Bias in Generative Models

VAE reconstructions of facial images

The project was carried out while I was a research assistant at the Max Planck Institute for Software Systems. The project explored the new direction of looking for potential bias in generative models. Models like variational autoencoders and GANs are becoming quite popular and also seeing deployment. The project aims to see if such models can exhibit any notion of bias. In particular, we explore variational autoenccoders and how the data that is generated or reconstructed by such models can be biased to certain demographics. The bias is attempted to be formally defined. The project also involves initial exploration for methods to de-bias such systems, e.g. using additional labels to supervise the training process of the generative models.

A. Exploring generated images of VAE

We train a standard VAE model on the CelebA dataset and use the model to generate new facial images. We explore the generated images for any potential bias, and perform this experiment by varying the population’s gender ratio. Note the original data has a female-male ratio of 52-48. We predict gender using the Clarifai API.

We use these only for research purposes. The CelebA dataset has several issues that have been discussed in the broader literature.

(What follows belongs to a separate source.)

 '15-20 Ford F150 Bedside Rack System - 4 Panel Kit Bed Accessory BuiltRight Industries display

Moreover, the moral implications of performing gender prediction from facial images should be looked into in more detail. We also do not assume perfect performance of the Clarifai API.

  • Note how with original data, there is a clear bias of the model towards generating feminine faces.
  • Even when Male to Female ratio in training data is equalized, there is a bias towards feminine faces.
  • The most equality for gender in the generated sample distribution is when we give more Male training photos (60%)!

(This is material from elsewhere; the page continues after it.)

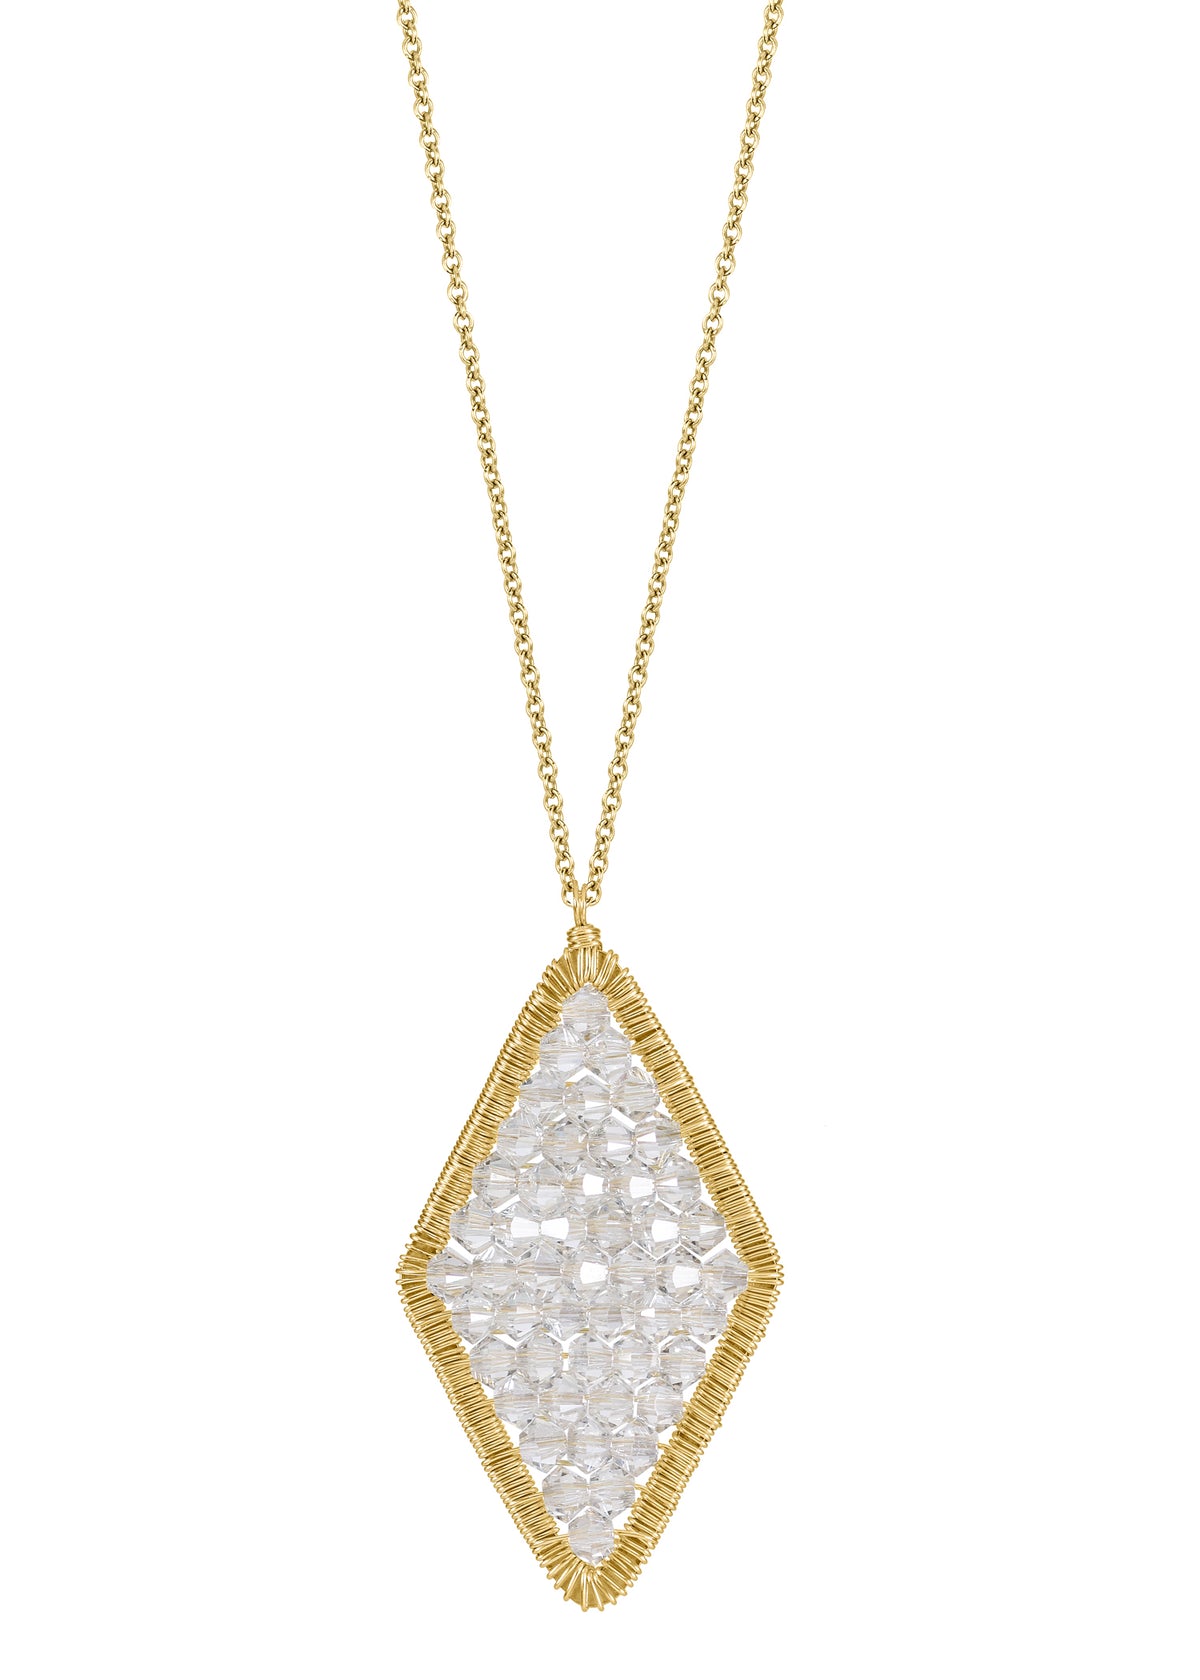 Crystal 14k gold fill Necklace measures 17&quot; in length Pendant measures 1-3/8&quot; in length and 3/4&quot; in width at the widest point Handmade in our Los Angeles studio

So clearly, even with equalized data, a standard VAE can generate biased data.

bar plot of gender prediction
Gender prediction of generated data

B. Auditing reconstructed data of VAE

Using the trained VAE again, we now use a curated auditing set created from the CelebA test data. The audit set is the intersection of gender (male-female) and race (black/african american-white/caucasian). For each face, we use the VAE to reconstruct the face again (feed it as input and analyze the output). We then use the Clarifai API to predict the demographics of the reconstructed faces.

The use of machine learning to predict demographics from facial data, and its implications need further study. We only use this here for an initial research insight.

  • Surprisingly here, male faces (white and black) are more likely to have the demography correctly predicted.
  • Black females suffer the most, where almost all the faces are predicted as Hispanic instead.
  • White females also suffer, but nowhere as poorly as black females.

So, the VAE clearly suffers from some bias in reconstructing data. The way that it reconstructs demographic information in the faces is very different for different groups.

bar plot of demography prediction
Demography prediction of reconstructed data

C. Generating counterfactual images with Conditional VAE

We now start exploring some potential fixes. First, we assume that the facial data has gender labels available (it is the case for CelebA). Then, we train a Conditional VAE model, conditioned on gender. This actually allows us to generate counterfactual facial images!

  1. Take an input image (say of a male) and feed it to the Encoder of the VAE.
  2. Extract latent z.
  3. Flip the conditional attribute from male to female at the Decoder of VAE.
  4. Reconstruct the face image using the z and conditional Female.

We show some examples here, where we generate counterfactual female faces for some male face images. It is interesting to note what the VAE learns to transform in this counterfactual generation.

E.g., the VAE smoothens the skin, applies makeup to the faces whenever we make counterfactual females.

some images of male and counterfactual female
Counterfactual Male-to-Female images from VAE

D. Effect of conditioning VAE on gender prediction of reconstructed images

We test how a standard VAE and conditional VAE generate images, specifically with respect to the gender. So, we reconstruct input images using different VAE training procedures and use the Clarifai API to see how the gender errors look like. We also play around with the conditional gender values in the models to see how the image reconstructions are perceived by the API.

  • For the original CelebA images, the API makes more mistakes on Female faces than Male faces.
  • If we use a standard VAE, the error is significantly higher for Males than Females. So masculine faces are reconstructed to be less masculine.
  • Using a conditional VAE significantly reduces this bias. The error rates are much more equalized across genders.
  • If we multiply the conditional values during reconstruction (so instead of conditional Female=1 we say Female=2), the error rates become even lower.
  • So, multiplying the conditional can make the VAE generate more masculine/feminine faces (at least perceived by the API).
  • Flipping the gender value at the encoder has no effect, so it does not generate counterfactuals. This is as expected.
  • Flipping the gender value at the decoder however indeed seems to create proper counterfactuals. These images are almost always predicted to have the opposite gender of the input.
  • So, male input with flipped gender at decoder will always make the API think the reconstructed image is female.
    bar plot of gender prediction and conditional VAE
    Gender prediction and conditioning of VAE

This project was done in collaboration with Preethi Lahoti, Junaid Ali, Till Speicher and Krishna Gummadi.